Data in this exercise

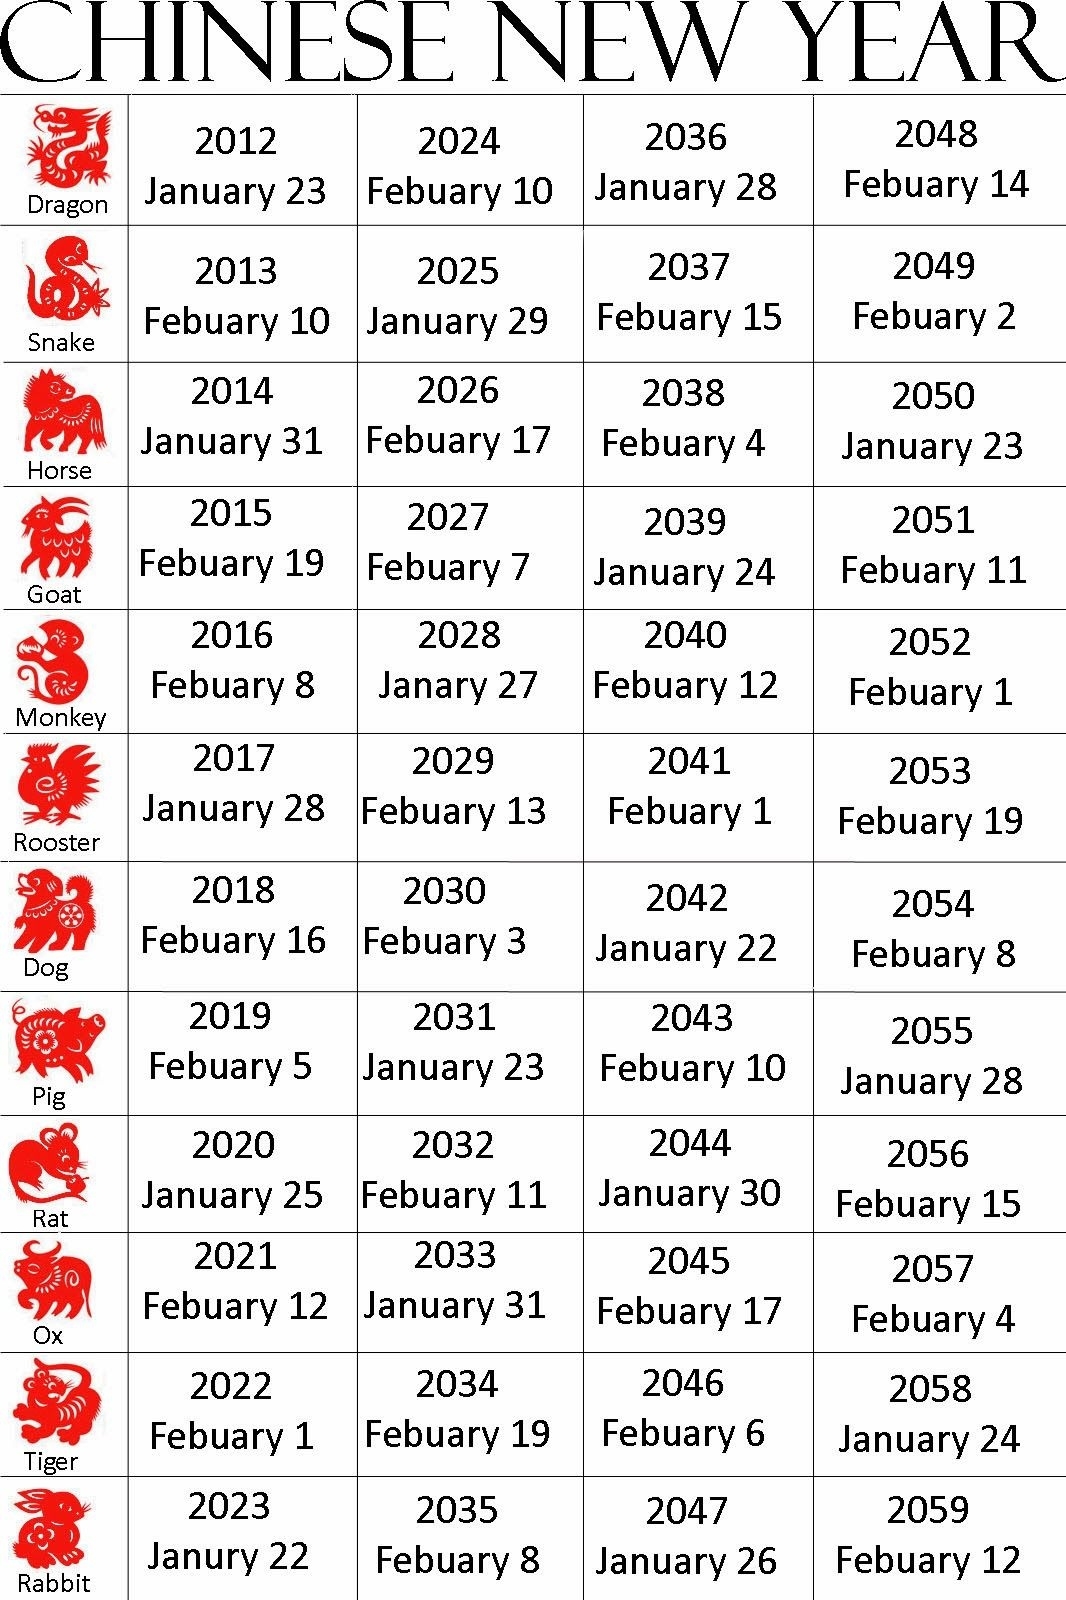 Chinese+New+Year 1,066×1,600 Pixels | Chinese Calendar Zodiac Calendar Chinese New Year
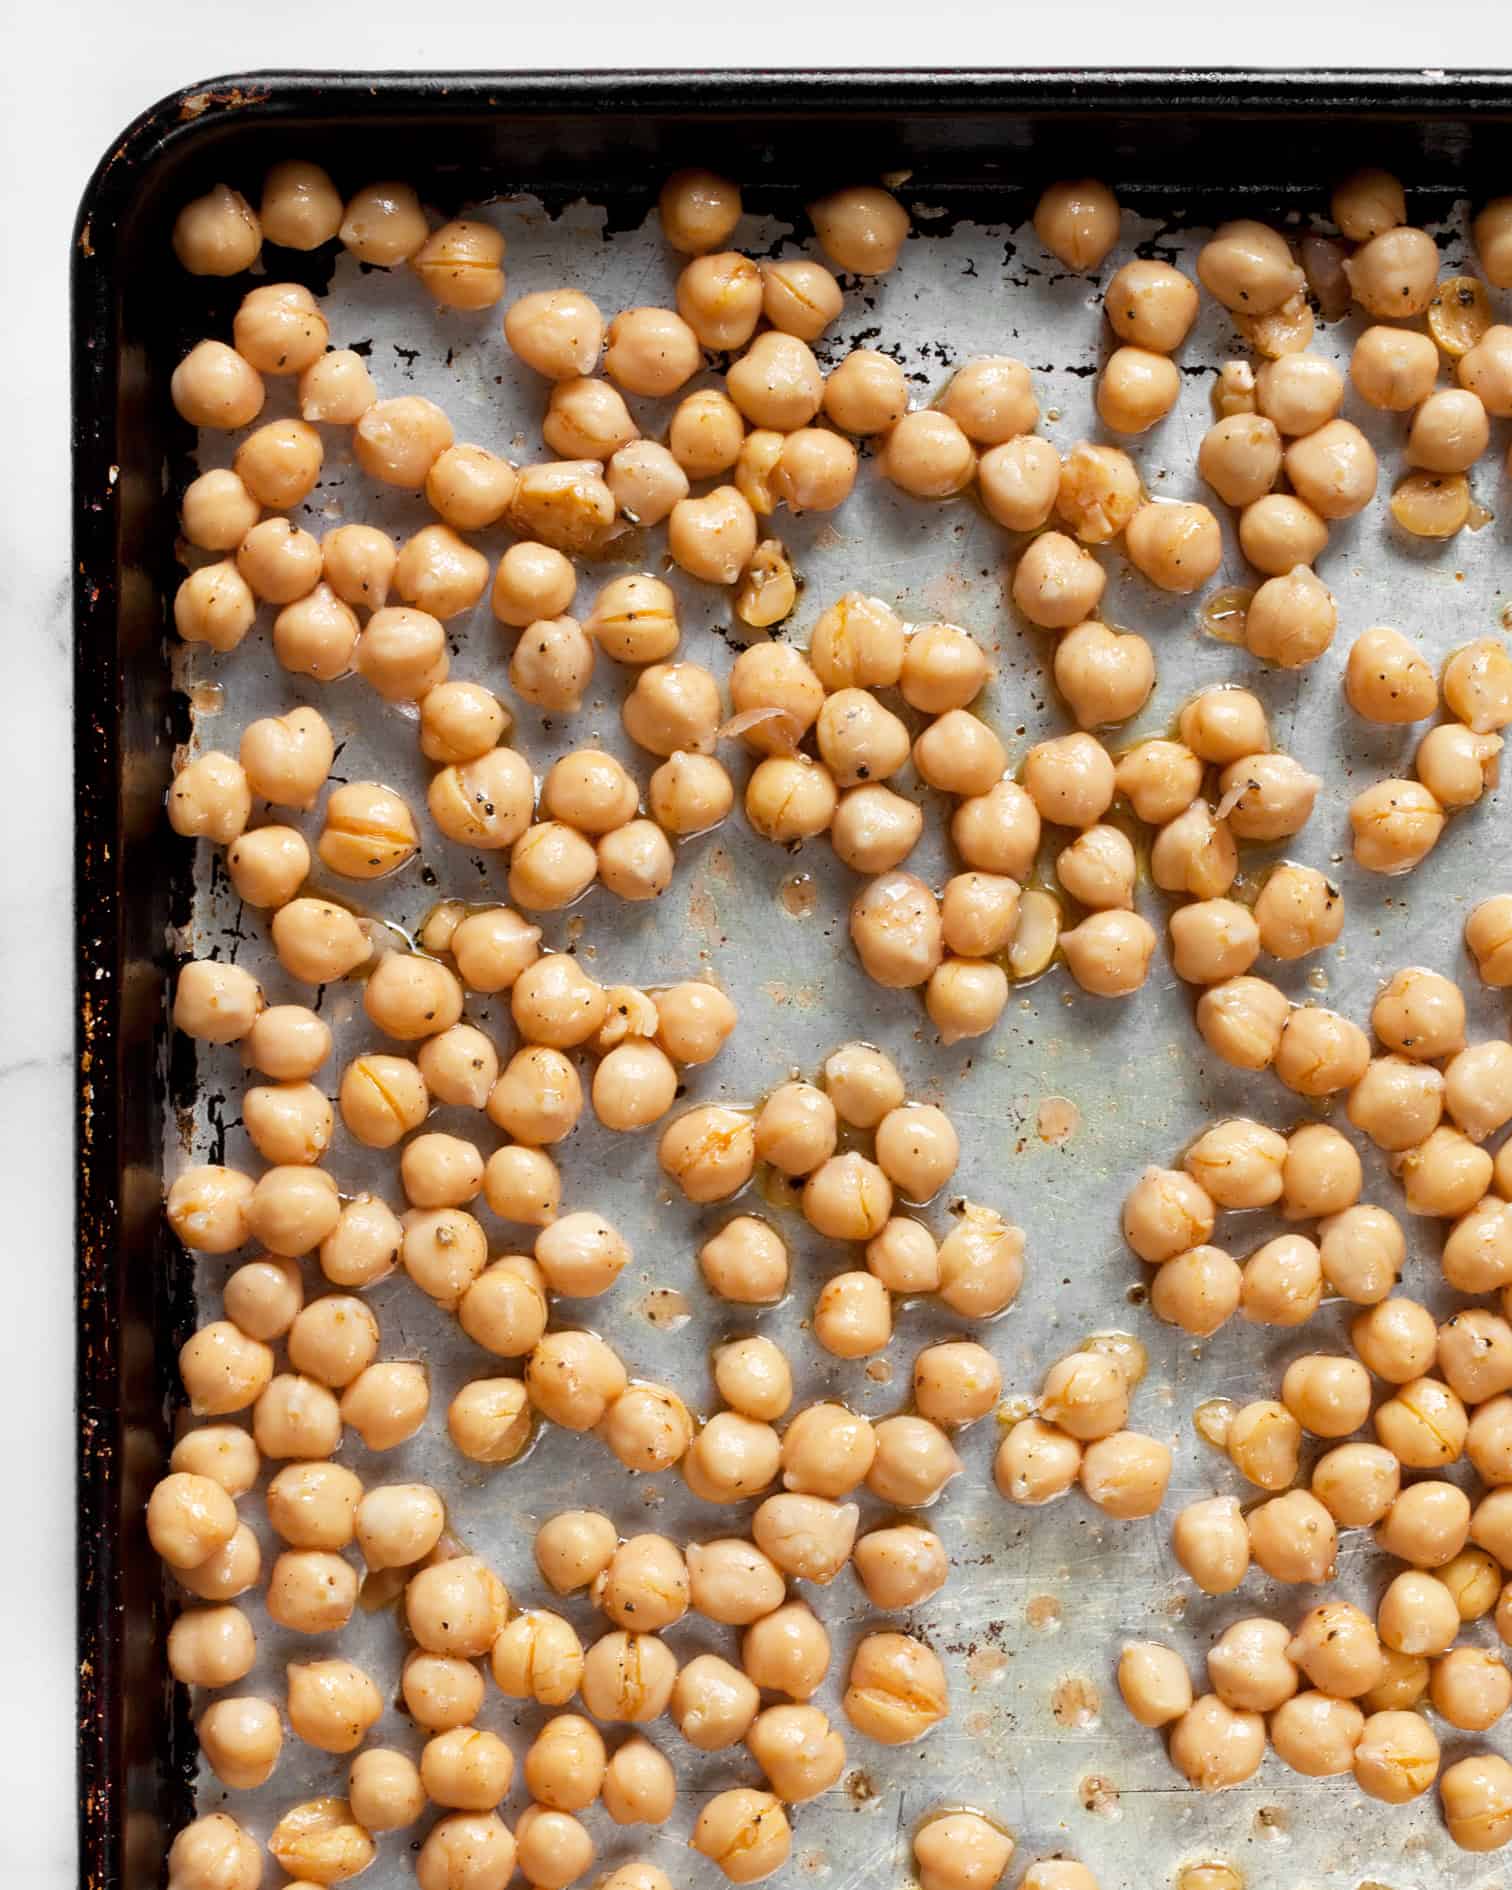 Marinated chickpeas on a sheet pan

...

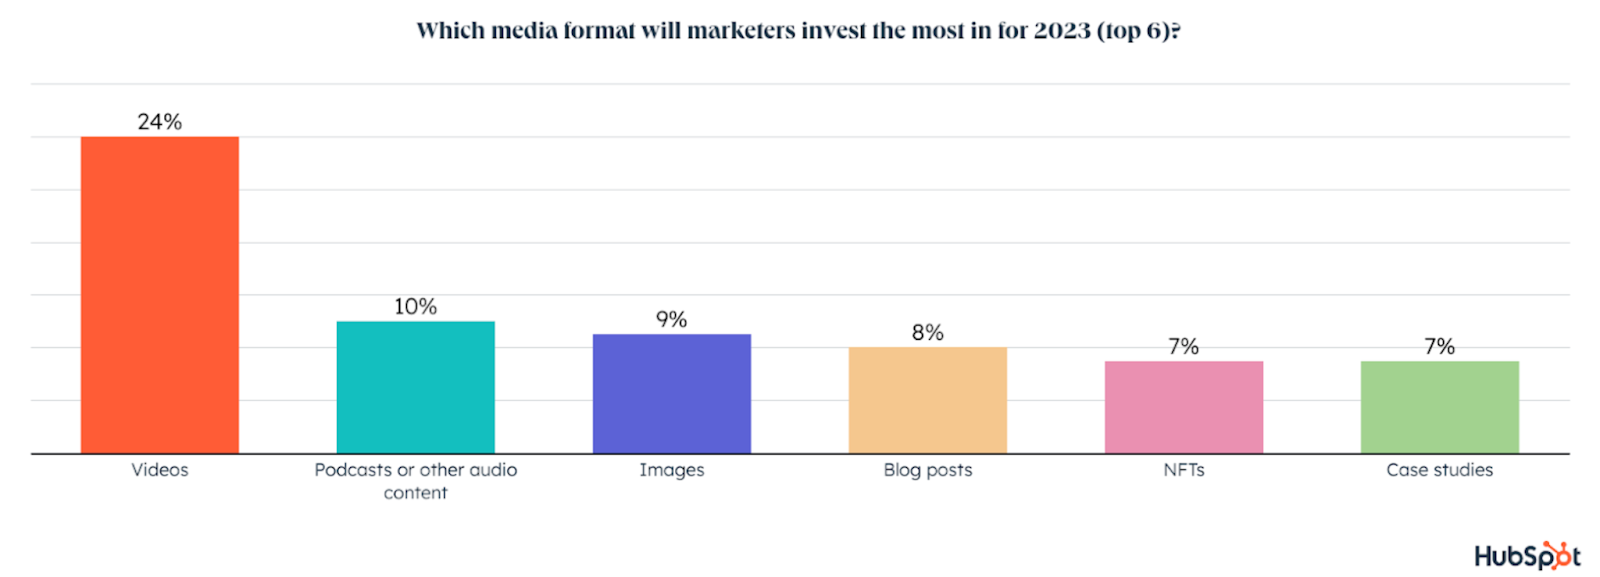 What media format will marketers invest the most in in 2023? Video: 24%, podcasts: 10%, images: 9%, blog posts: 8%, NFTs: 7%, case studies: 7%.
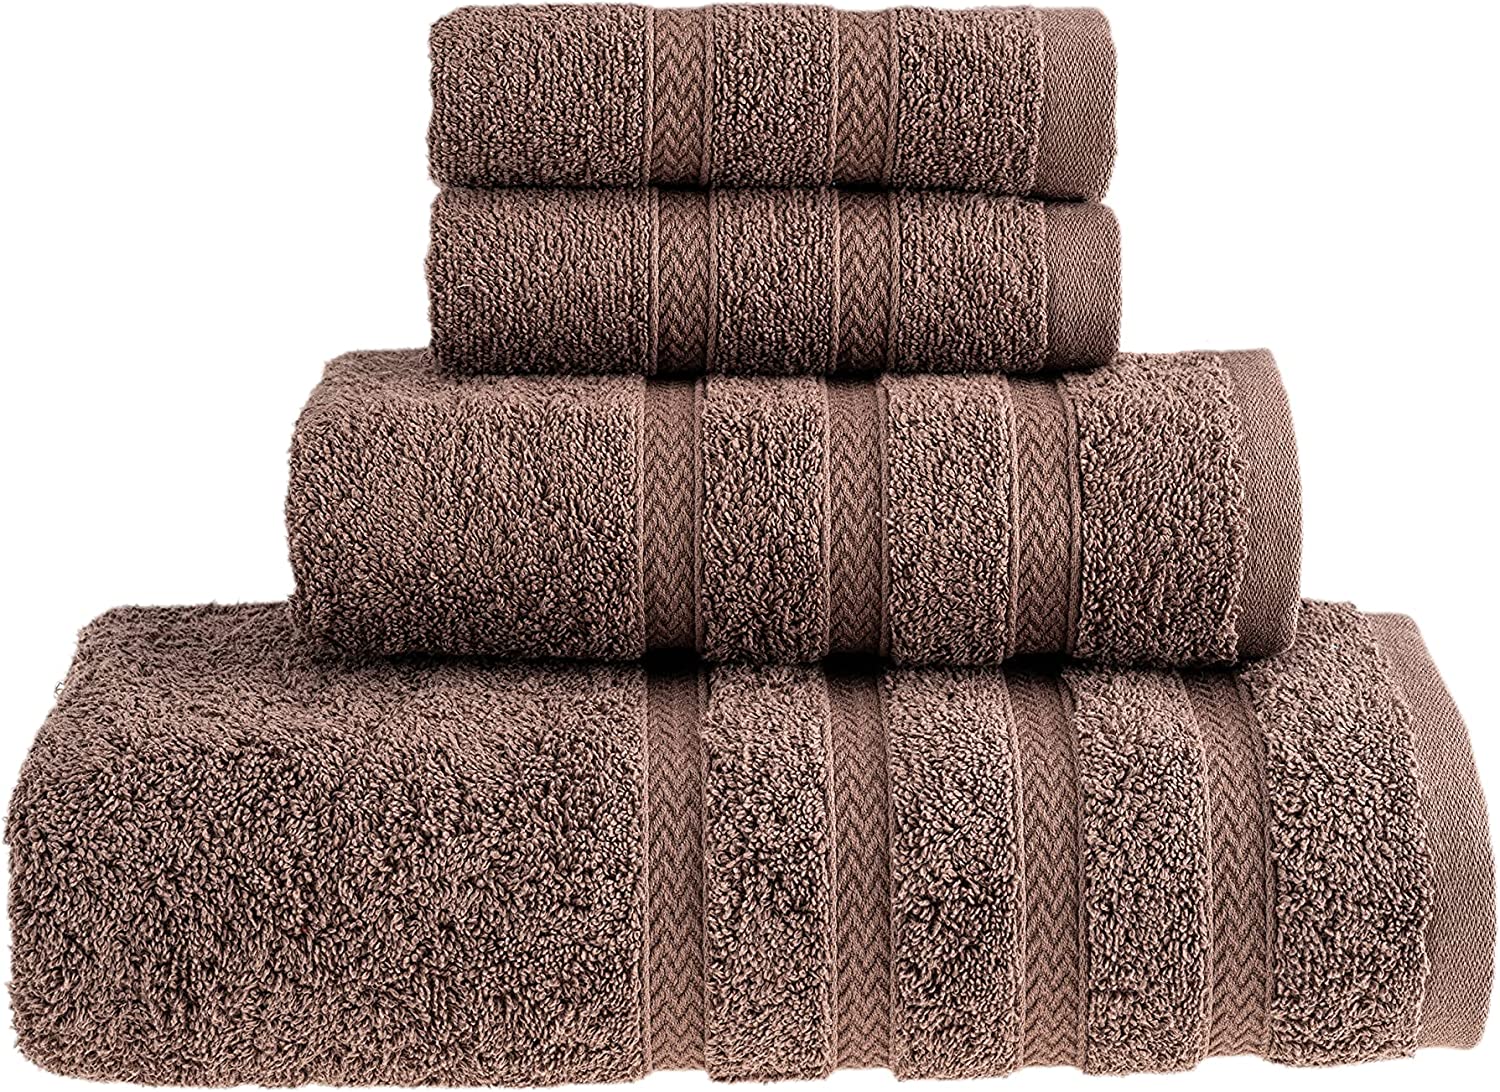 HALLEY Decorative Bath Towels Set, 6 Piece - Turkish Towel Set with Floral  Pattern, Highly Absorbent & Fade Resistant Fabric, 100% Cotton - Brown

==

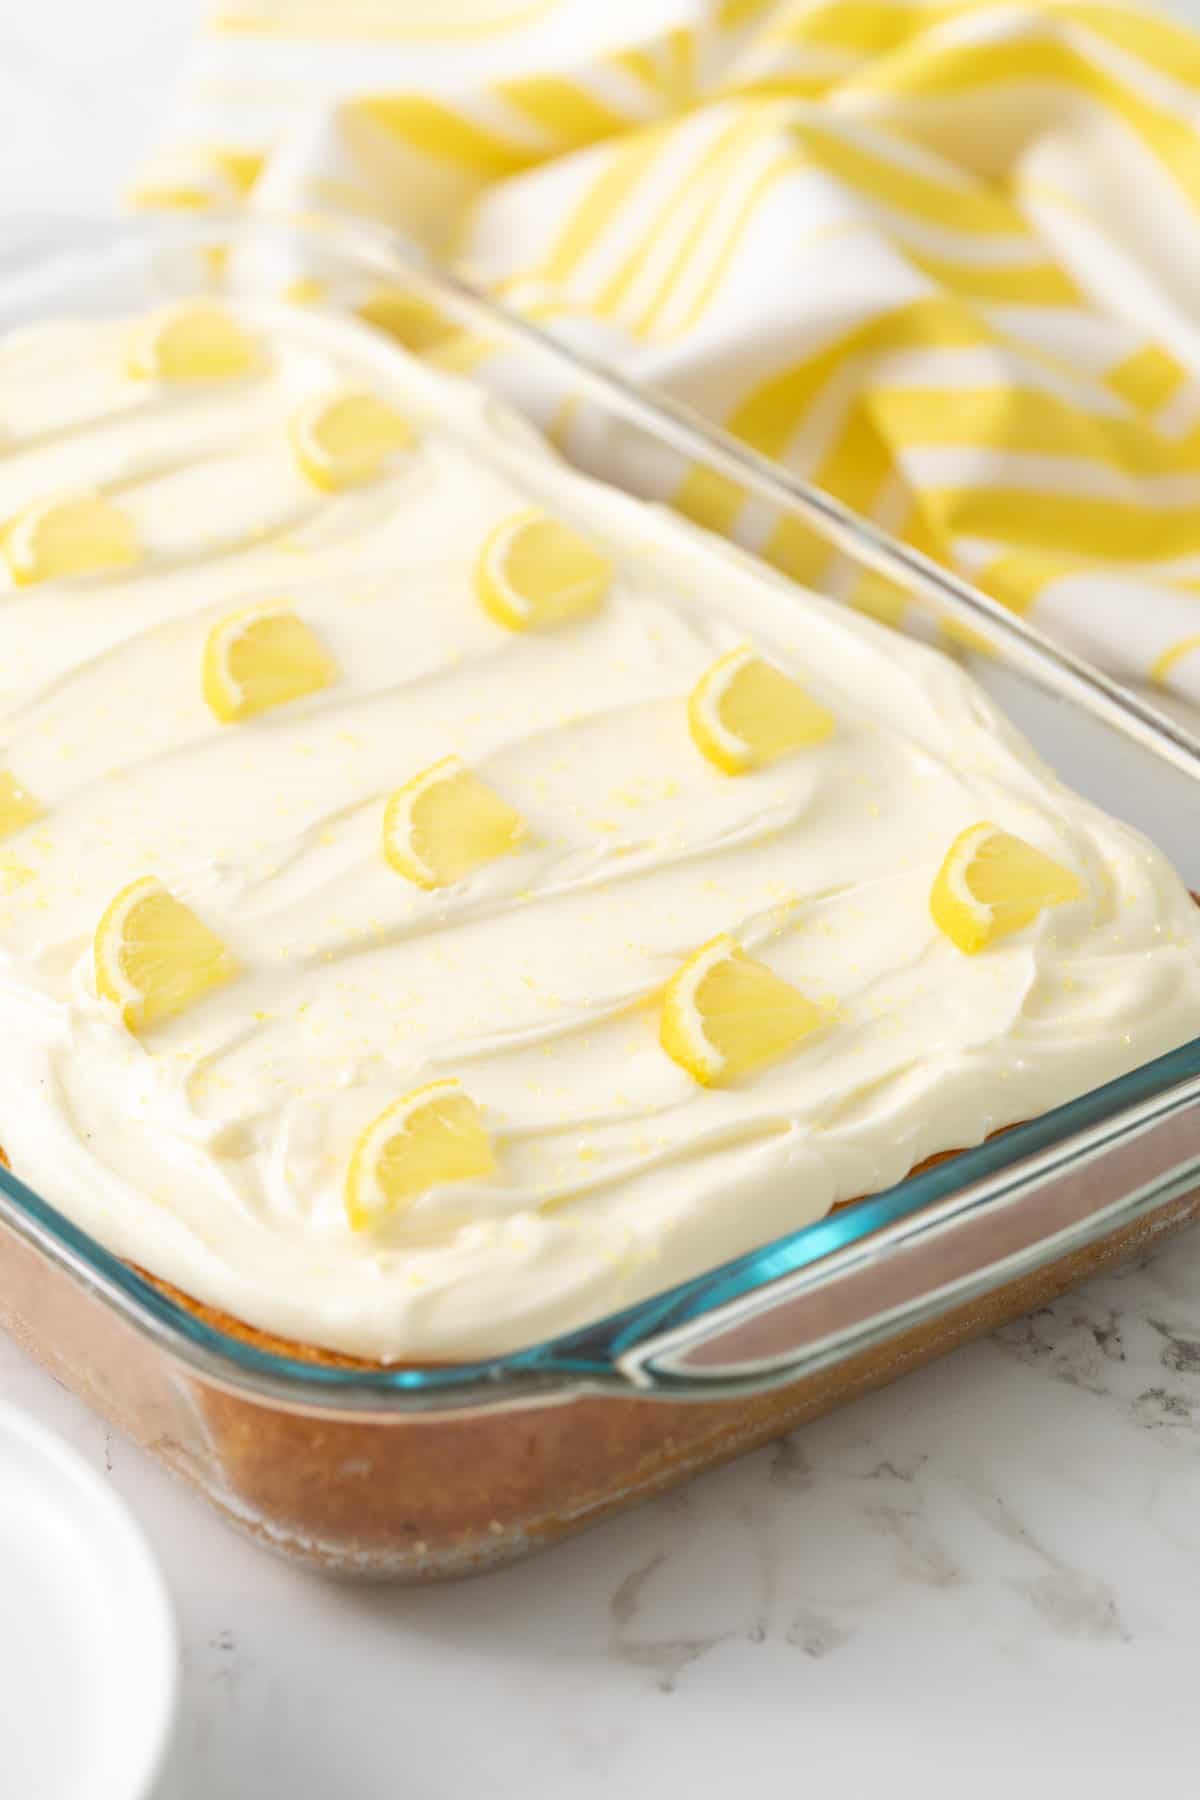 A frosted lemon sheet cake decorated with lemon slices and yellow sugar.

Assigned task
Find where the line with "Chinese+New+Year 1,066×1,600 Pixels" sits in the material above and where the line with "Marinated chickpeas on a sheet pan" sits. Set down exactly the lines from the first to the second, both included and nothing else, without pictures.

Completed task
 Chinese+New+Year 1,066×1,600 Pixels | Chinese Calendar Zodiac Calendar Chinese New Year
 Marinated chickpeas on a sheet pan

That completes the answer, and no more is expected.